New measures aim to combat challenge of assessing performance; investible products may not be far behind.
In the ultimate seal of approval in the asset management world, liquid alternative investments are getting their own benchmarks, which means some kind of investible product can't be far behind.
Wilshire Associates Inc. rolled out two liquid alt indexes last week, and company representatives confirmed that considerations are already under way for an investible version of at least one of the new benchmarks.
Also on board the fast-moving liquid alts bandwagon is the nine-month-old Liquid Alternative Investments Co., which also has indexes for the registered alternative products and visions of licensing agreements.
“Licensing may very well come at some point down the road,” said company founder Ezra Zask. “Clearly, we now have enough liquid alts out there that indexes are critical.”
For investors and financial advisers, benchmarking registered investment products that focus on alternative strategies helps keep things in perspective, according to Jason Schwartz, president of Wilshire Funds Management.
“Certainly there is demand and a growing supply of liquid alternatives, but one of the challenges is what is the appropriate way to assess performance,” he said. “When we looked at the types of benchmarks being used, we found them to be all over the map, and that tells us there's a challenge here in terms of assessing performance.”
According to Wilshire's research, 20% of multialternative-strategy mutual funds are using cash as a performance benchmark, while some funds in the category are using long-only benchmarks like the S&P 500 Index. And still other funds are pegging their performance to popular hedge fund indexes, such as the Hedge Fund Research Inc.
“I think it's going to be fantastic, because I'm tired of being compared to the S&P or the HFRI,” said Bradley Alford, chief investment officer of Alpha Capital Management, which manages two multialternative funds of mutual funds, Alpha Defensive Alternatives (ACDEX) and Alpha Opportunistic Alternatives (ACOPX).
“I don't think there's anything negative about the liquid alternative indexes,” he added. “It continues to show that liquid alts are here to stay, and not just a flash in the pan.”
Through July, the liquid alternative mutual fund category, including nontraditional bond funds, has grown to 547 distinct funds with more than $310 billion under management, according to Morningstar Inc.
There have been 54 funds launched in the category this year, compared with 91 for all of last year, and 75 for all of 2012.
Category assets are up from $268 billion at the end of last year and have more than doubled since the end of 2011, when there were 287 liquid alt funds.
While it still remains to be seen, one potential negative of the liquid alt indexes could be bad performance in aggregate, fully illustrated for the whole world to see.
“The idea of an index does give these liquid alternatives more credibility, but I'm concerned that once people can see the performance of these funds they won't be that interested anymore,” said Jeason Dubrovay, managing partner at Blackcomb Global Advisors LLC.
“It will take some time, but I think you're going to see exactly what liquid alts are, which is high beta,” he said. “I think it's like mutual fund market timing; it will happen over a period of three or five years and people will realize they're not getting what they think they're getting.”

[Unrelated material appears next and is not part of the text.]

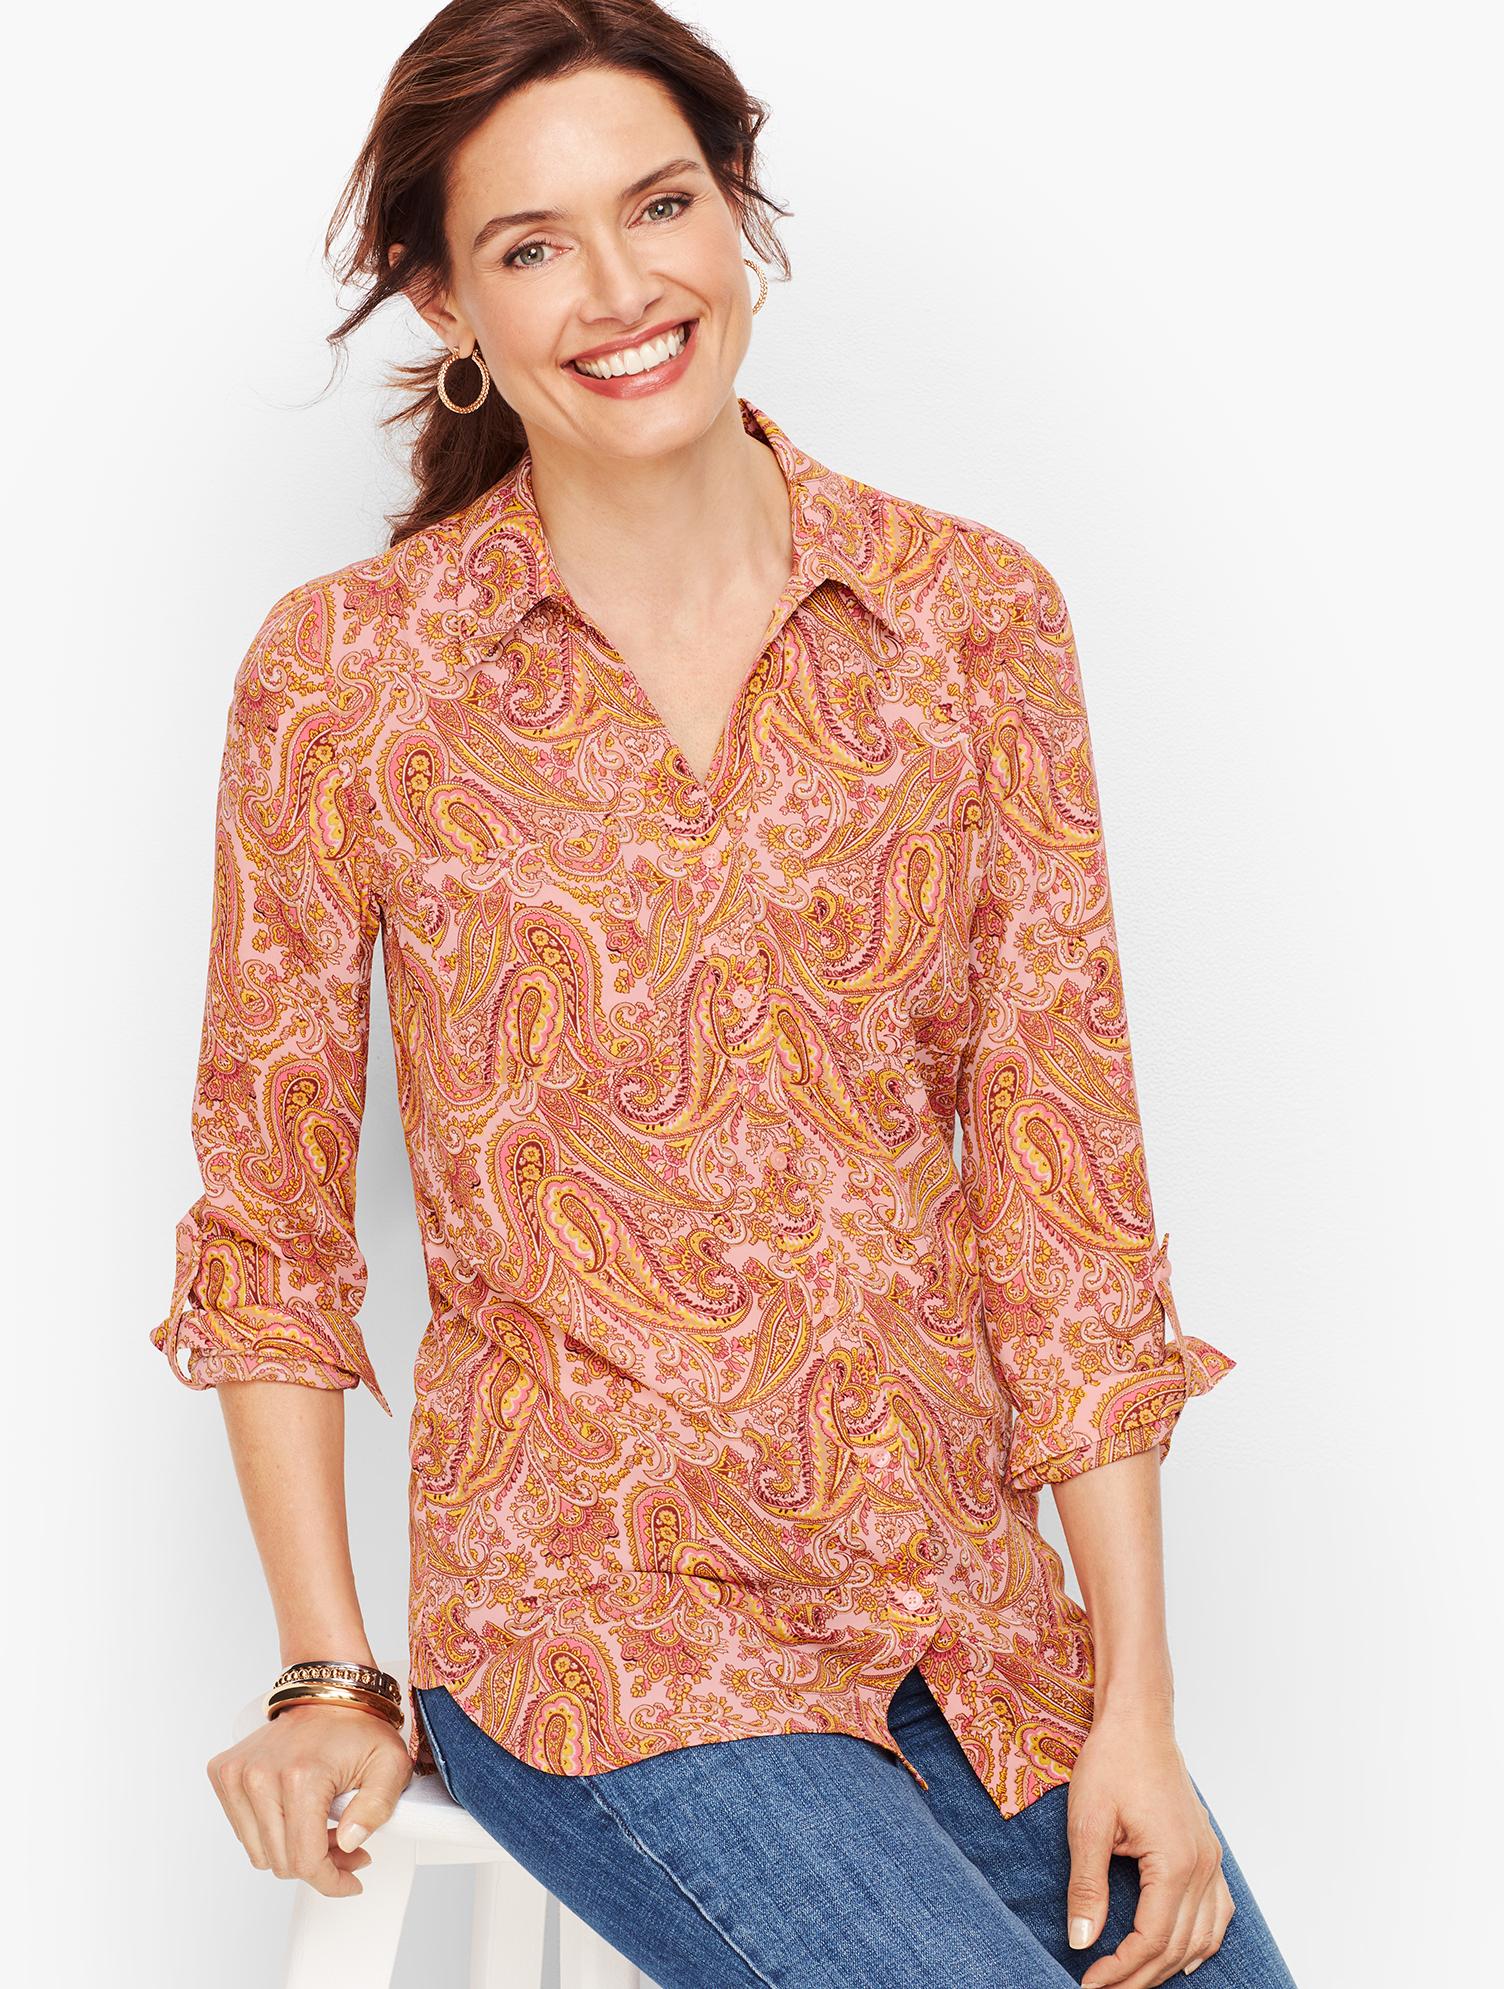 60s Shirts, T-shirt, Blouses, Hippie Shirts Soft Shirt - Paisley - BALLET-SLIPPERS - XL - Talbots $62.65 AT vintagedancer.com

Mr. Dubrovay's main issue with liquid alternative strategies is that they are often marketed as pure alternatives without the caveat that they are saddled with regulations and limitations that position them well short of pure alternatives.
For example, a private or limited partnership like a hedge fund has the ability to invest in exotic and illiquid strategies that are not allowed inside registered mutual funds, “and that's where a lot of the performance comes from,” he explained.
“Also, mutual fund managers are dealing with less patient investors who may flee on a daily basis, and they can because of the liquidity of a mutual fund,” Mr. Dubrovay added.
For now, index proponents are less concerned about how liquid alts stack up against hedge funds or long-only strategies than they are concerned about giving liquid alts an index to call their own.
“Alternative investments are inherently designed to behave differently than traditional asset classes, so comparing them to well-established, long-only indices is counterintuitive,” said Mr. Schwartz. “We wanted to create a more meaningful, relevant comparison.”
In terms of capturing any of the liquid alt indexes inside something investible like an exchange-traded fund, that could be tricky, according to Todd Rosenbluth, senior fund analyst at S&P Capital IQ.
“That would involve taking something that is typically an active strategy and adding a passive override,” he said. “And these kinds of mutual funds tend to be expensive, which might not appeal to a lot of ETF investors.”
He cited one example of an alternative-strategy ETF already on the market but not pegged to a liquid alt index, the PowerShares Multi-Strategy Alt ETF (LALT), which has a 1% expense ratio and has attracted $22 million since its May 29 launch.
“It may be cheaper than a mutual fund that is a fund of these alternative strategies, but it's still expensive for an ETF,” Mr. Rosenbluth added.